(SUPPLIED MATERIAL Opens)

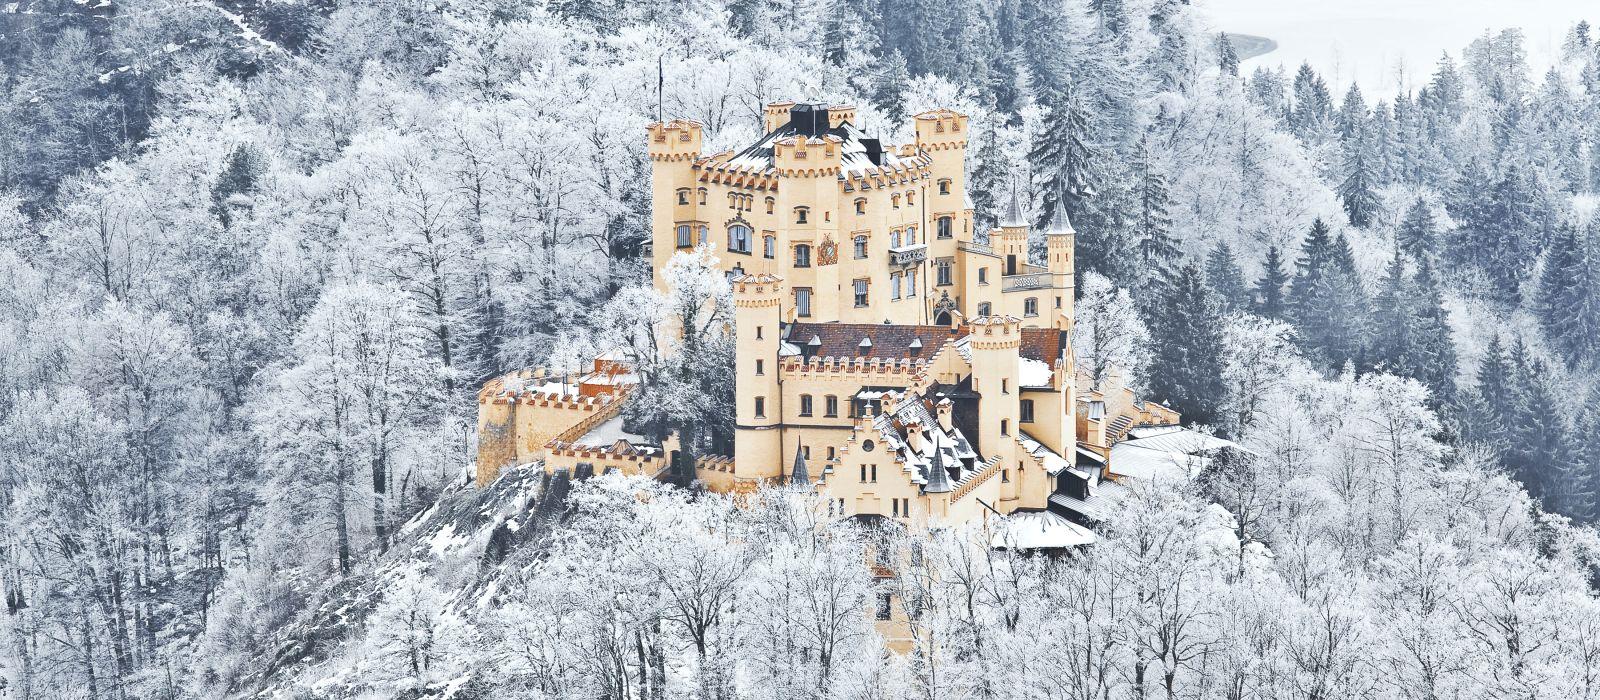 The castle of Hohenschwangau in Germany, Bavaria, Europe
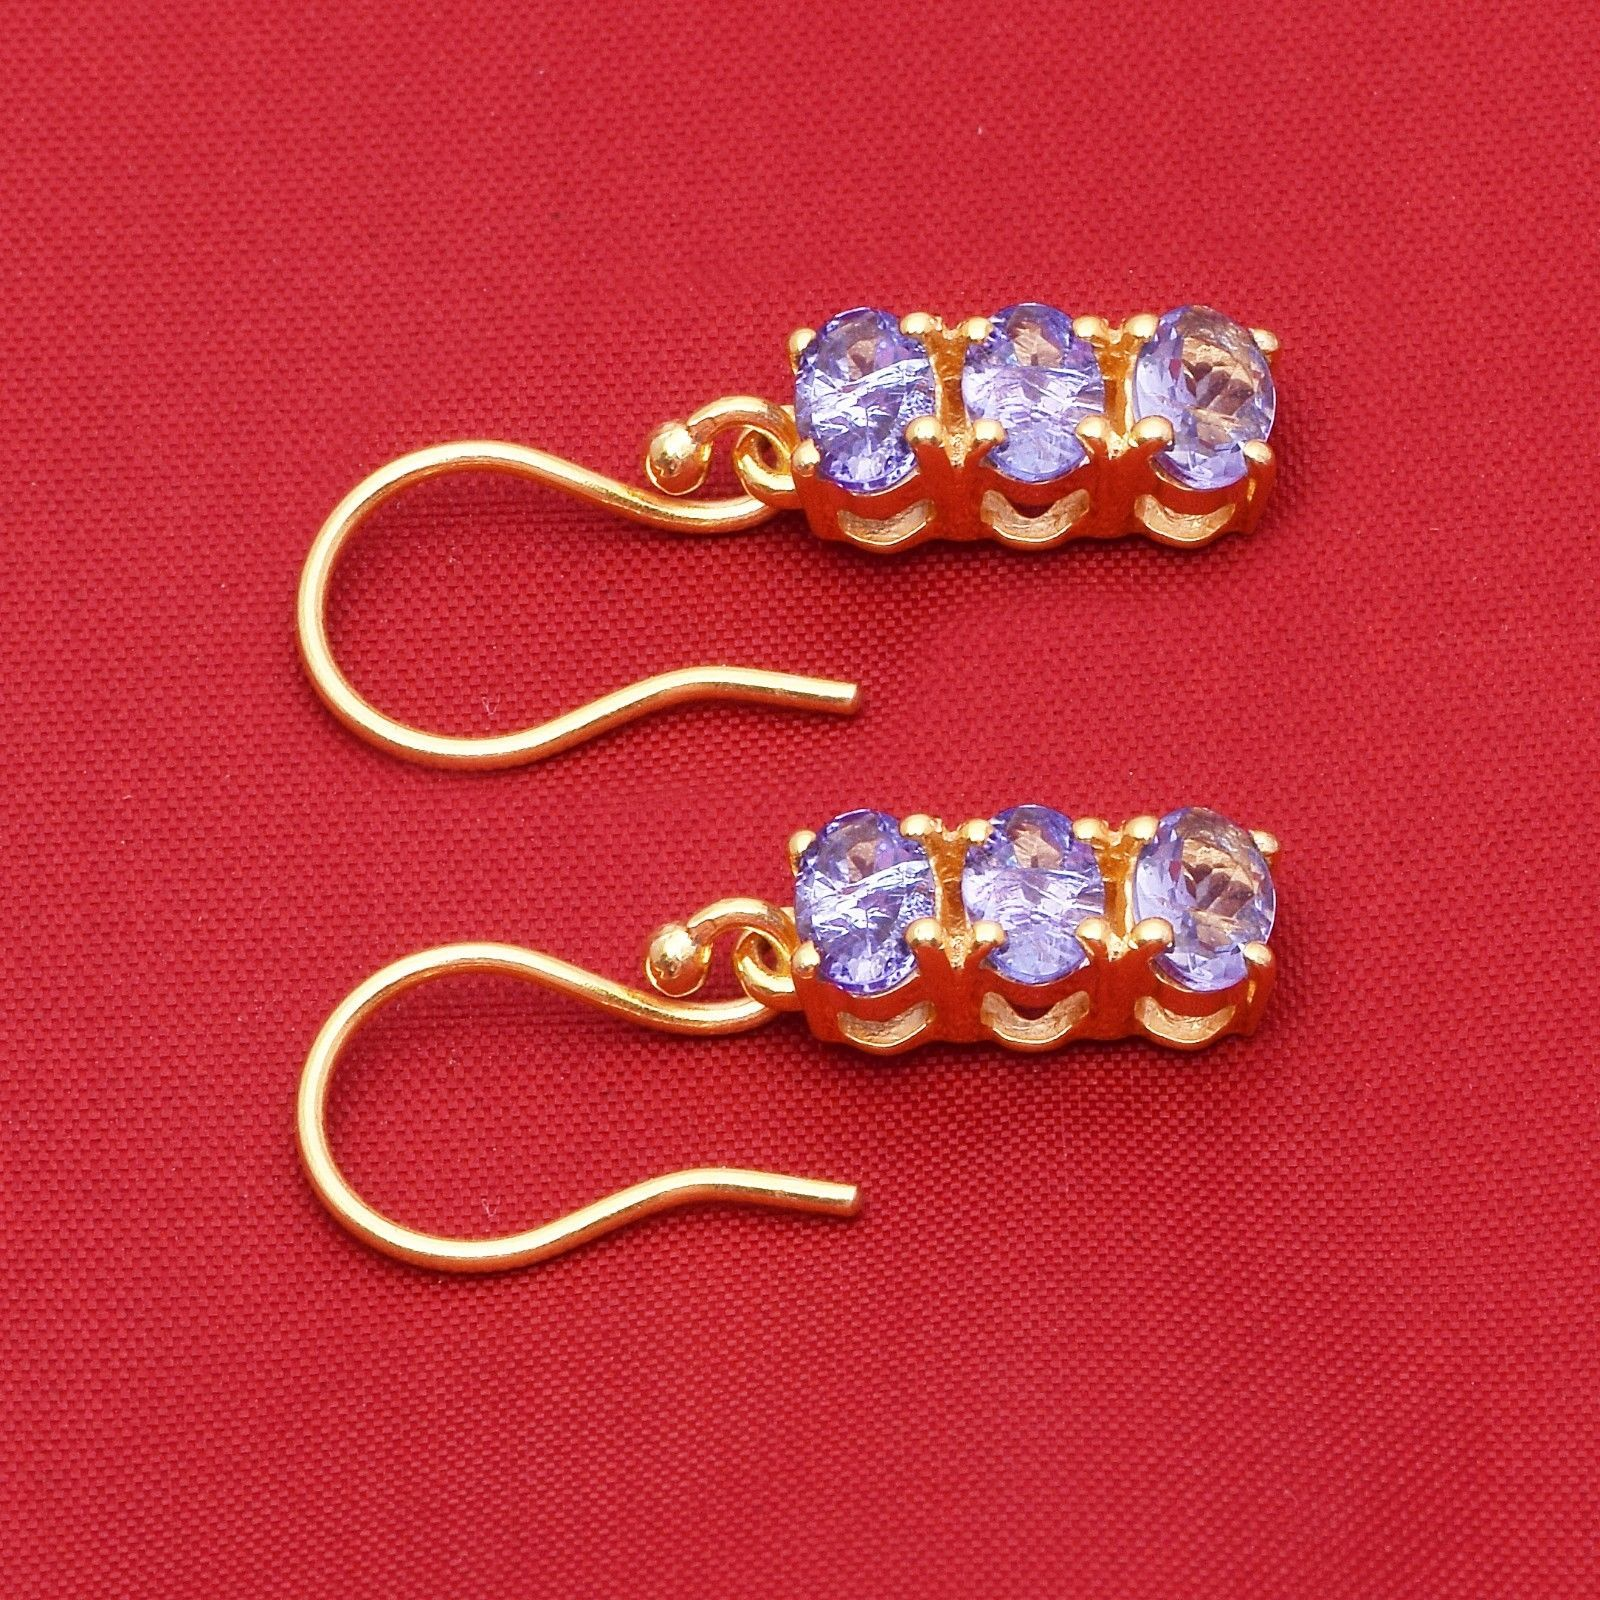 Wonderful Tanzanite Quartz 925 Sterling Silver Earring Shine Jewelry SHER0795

(SUPPLIED MATERIAL Closes)
(SUPPLIED MATERIAL Opens)

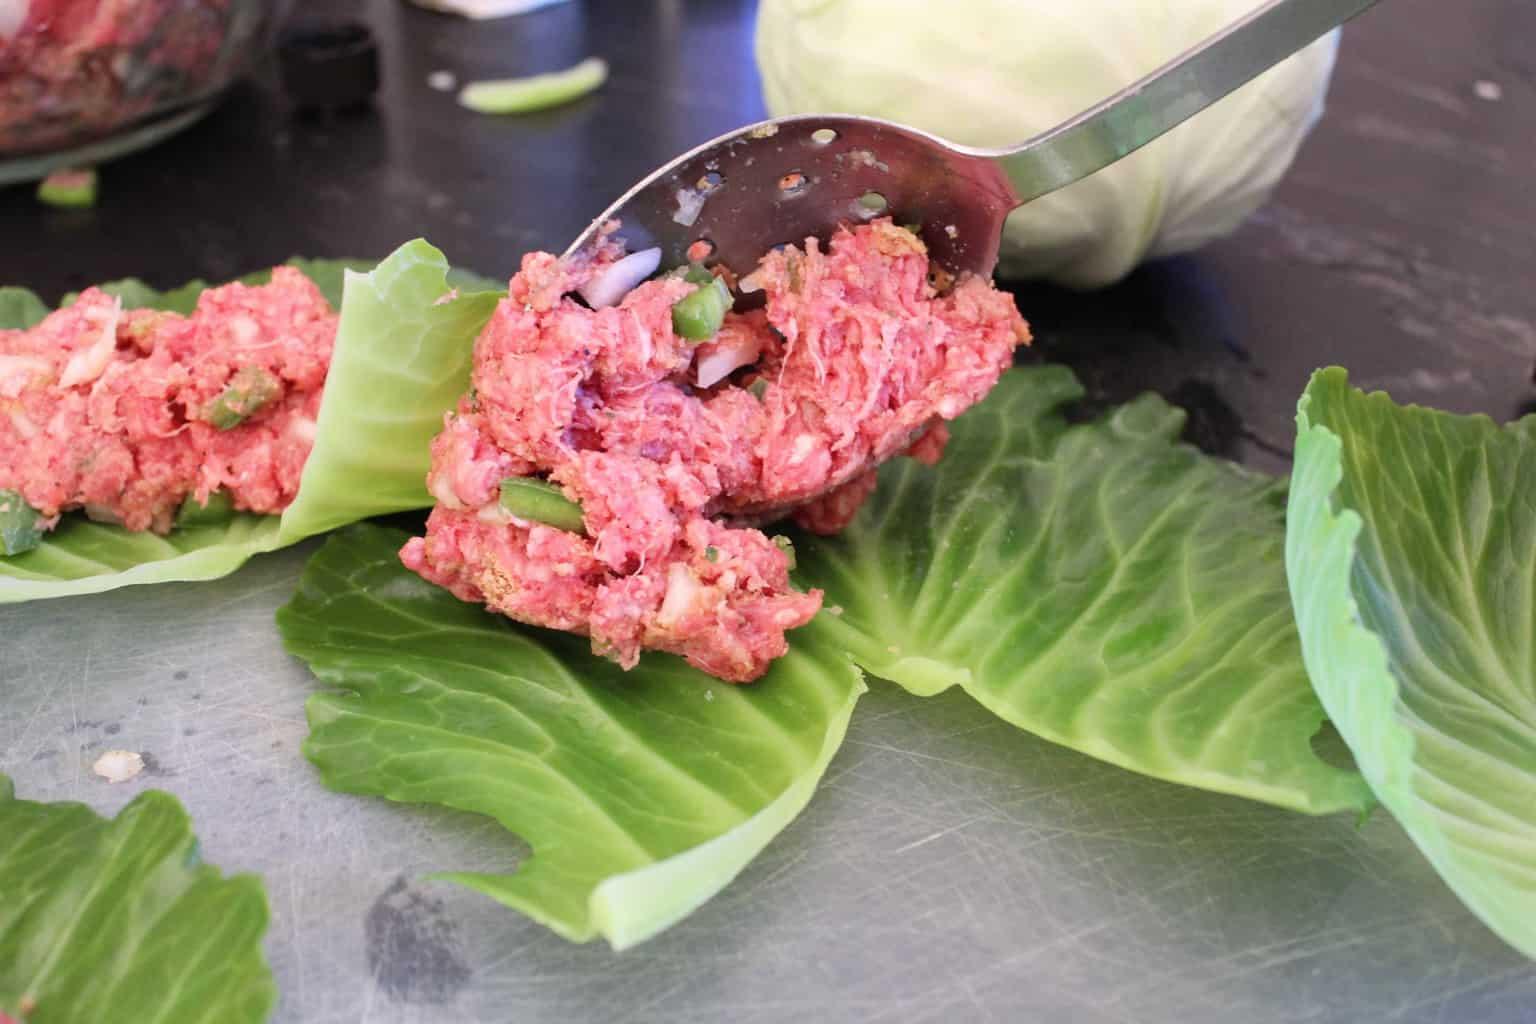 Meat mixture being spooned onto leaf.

(SUPPLIED MATERIAL Closes)

ABOUT THIS EXERCISE
Output exactly, and only, the lines of the entries above from the one with "The castle of" up to and including the one with "Wonderful Tanzanite Quartz"; pictures are to be left out.

RESPONSE FOR THIS EXERCISE
 The castle of Hohenschwangau in Germany, Bavaria, Europe
 Wonderful Tanzanite Quartz 925 Sterling Silver Earring Shine Jewelry SHER0795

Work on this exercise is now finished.